Basic structure and operation of a conventional BSIT are briefly explained hereunder with reference to FIG. 4. A semiconductor body 10 for the BSIT 30 consists of an n-type epitaxial layer 12 several tens of micrometers thick as a collector region on an n.sup.+ -type substrate 11, for example. Two p-type base regions 13 are formed by diffusion at the surface of the collector region 12, with the thickness of the base regions 13 being greater than in earlier conventional structures, as shown in FIG. 4. An n.sup.+ -type emitter region 14 is diffused at the surface of the collector region 12, between the two base regions 13. A collector terminal C, an emitter terminal E, and a base terminal B are respectively connected, via electrode films 25, to the substrate 11, the emitter region 14, and the base regions 13.

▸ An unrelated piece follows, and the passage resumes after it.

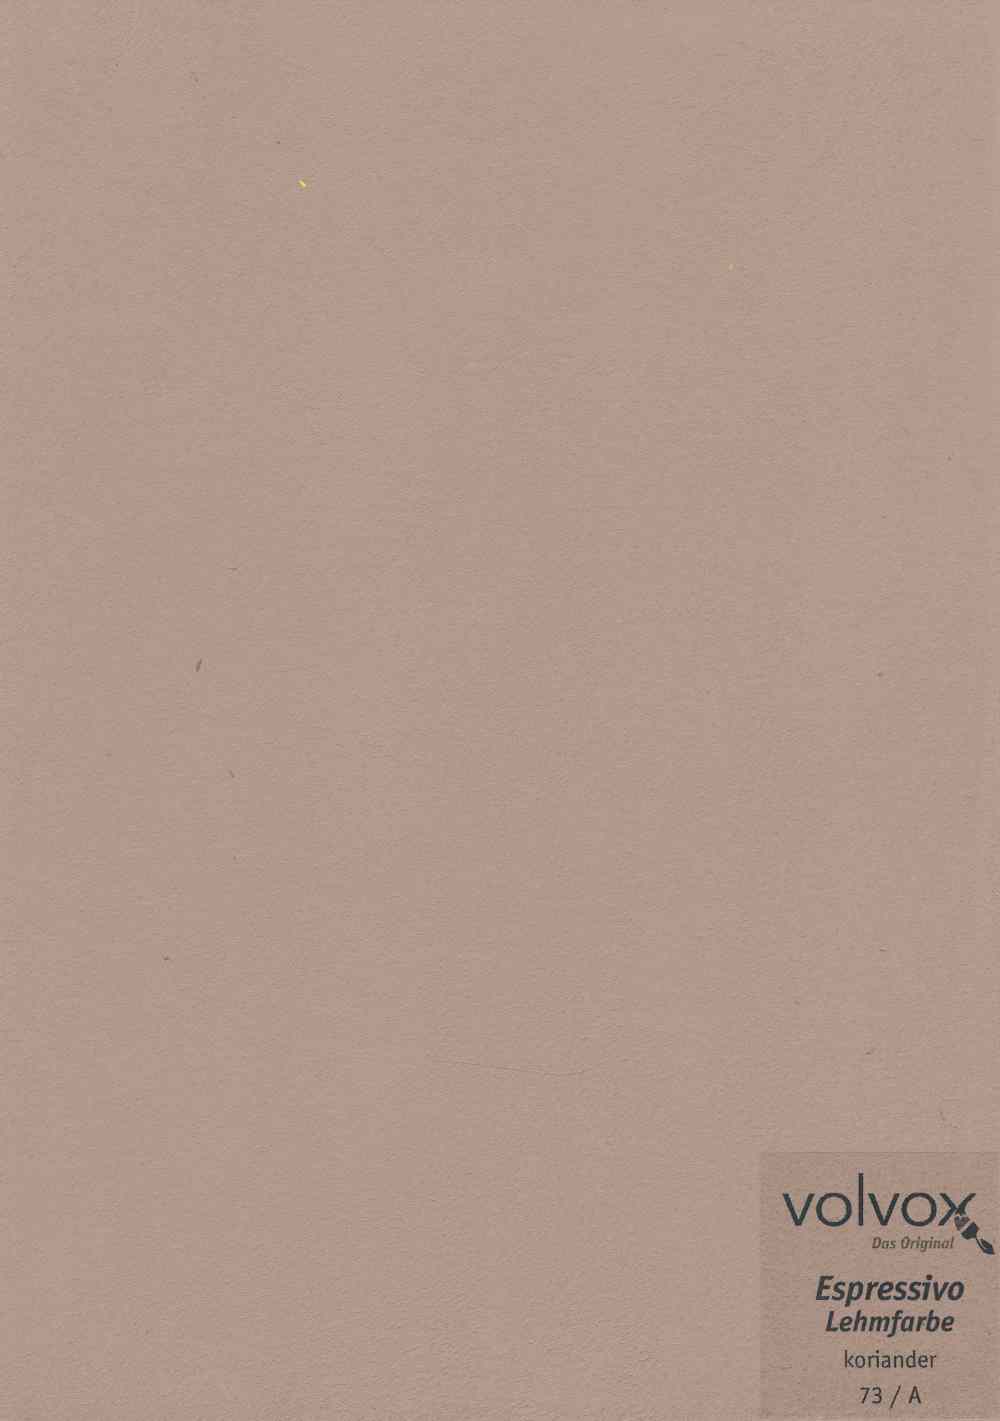 Volvox Espressivo Lehmfarbe 073 koriander

For the sake of exposition, FIG. 4 shows a hypothetical base region 13a below the emitter region 14. If a base region 13a were actually present, the structure of a vertical NPN transistor would be realized. Substantially lacking a base region 13a, the BSIT 30 has minimized base width (which is the thickness of the base region 13a), and a static induction effect is utilized by which the collector region 12 is influenced by the two surrounding base regions 13.

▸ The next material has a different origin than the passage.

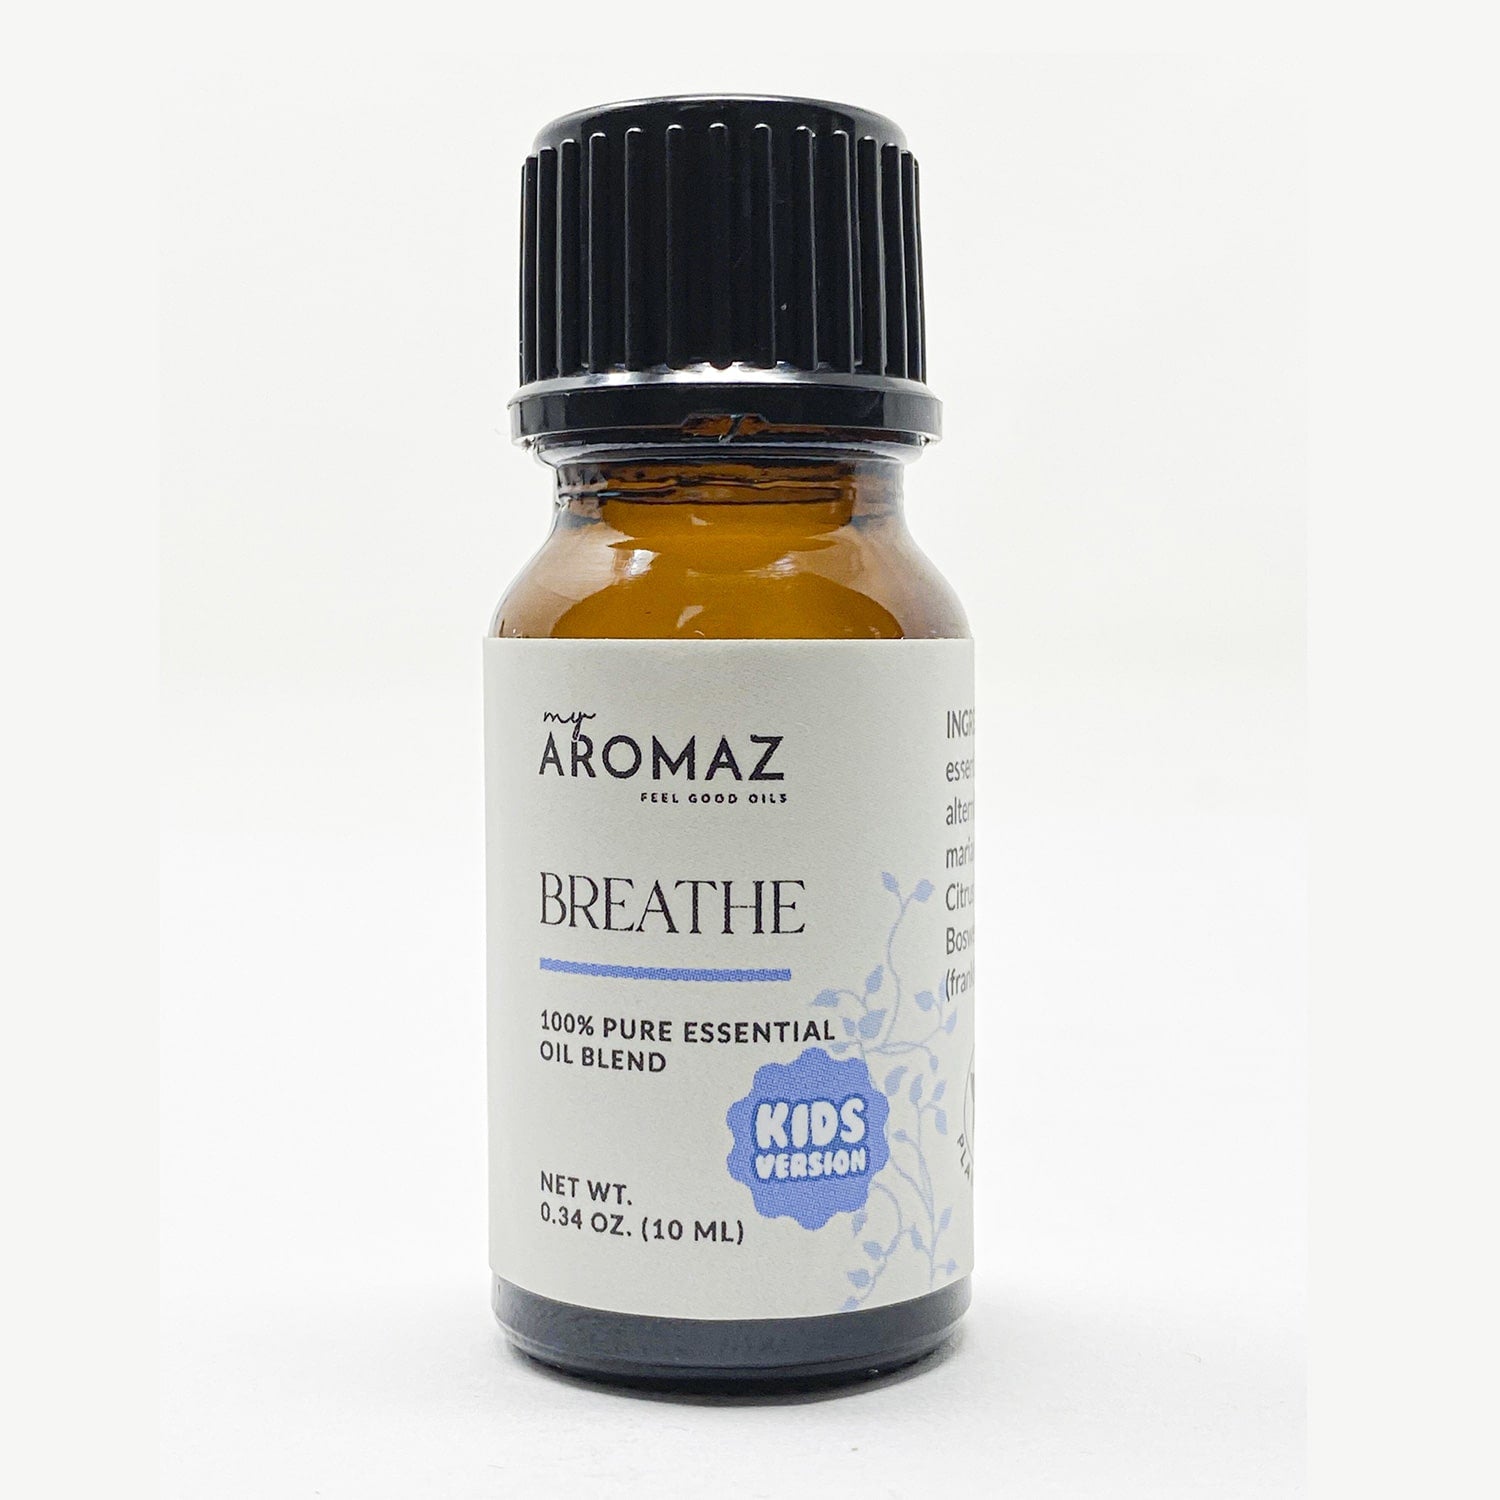 Breathe, Essential oils blend for diffuser

When the BSIT 30 is turned off, a depletion region extends from a p-n junction between the collector region 12 and the base regions 13, mainly towards the collector region 12, because of a positive voltage applied to the collector terminal C. When a base current flows into the base regions 13 from the base terminal B, a hole current h flows into the emitter region 14 from the base region 13 through the p-n junction in the forward direction. An electron current e is generated from the emitter region 14 in correspondence with this current flow. Part of this current e flows into the base region 13 through the p-n junction, but most of the electrons flow into the collector region 12 because of the static induction or electric field effect of the collector region 12. As a result, there is conduction between the collector and the emitter. To switch from this on-state to the off-state, a reverse bias is applied between the base region 13 and the collector region 12 via the base terminal B, thereby expanding the depletion region, with the current in the collector region 12 from the p-n junction generated from both sides of the p-n junction.
In a BSIT 30 with the aforementioned basic structure and operation, because the width of the hypothetical base region 13a is infinitesimally small, a high current-amplification factor can be realized. The vertical construction allows increased thickness of the collector region 12 and extension of the depletion at turn-off, thereby allowing the transistor to withstand high voltages. If this BSIT 30 is compared with a field-effect transistor, the collector, emitter and the base correspond to drain, source and gate, respectively.
As described, a BSIT has an advantageously high current-amplification factor. However, in a BSIT, the current between the collector and the emitter, or the on-off states, are controlled by the base current. Thus, from the point of view of circuit control, a BSIT more closely resembles a bipolar transistor than a field-effect transistor. The low output impedance of the BSIT is an advantage, but the low input impedance is a disadvantage. Furthermore, to increase the current-carrying capacity, a plurality of unit structures (per FIG. 4) are connected in parallel on a common substrate, for example. In this case, as the current tends to concentrate on particular unit structures, such structures may be damaged due to overcurrent.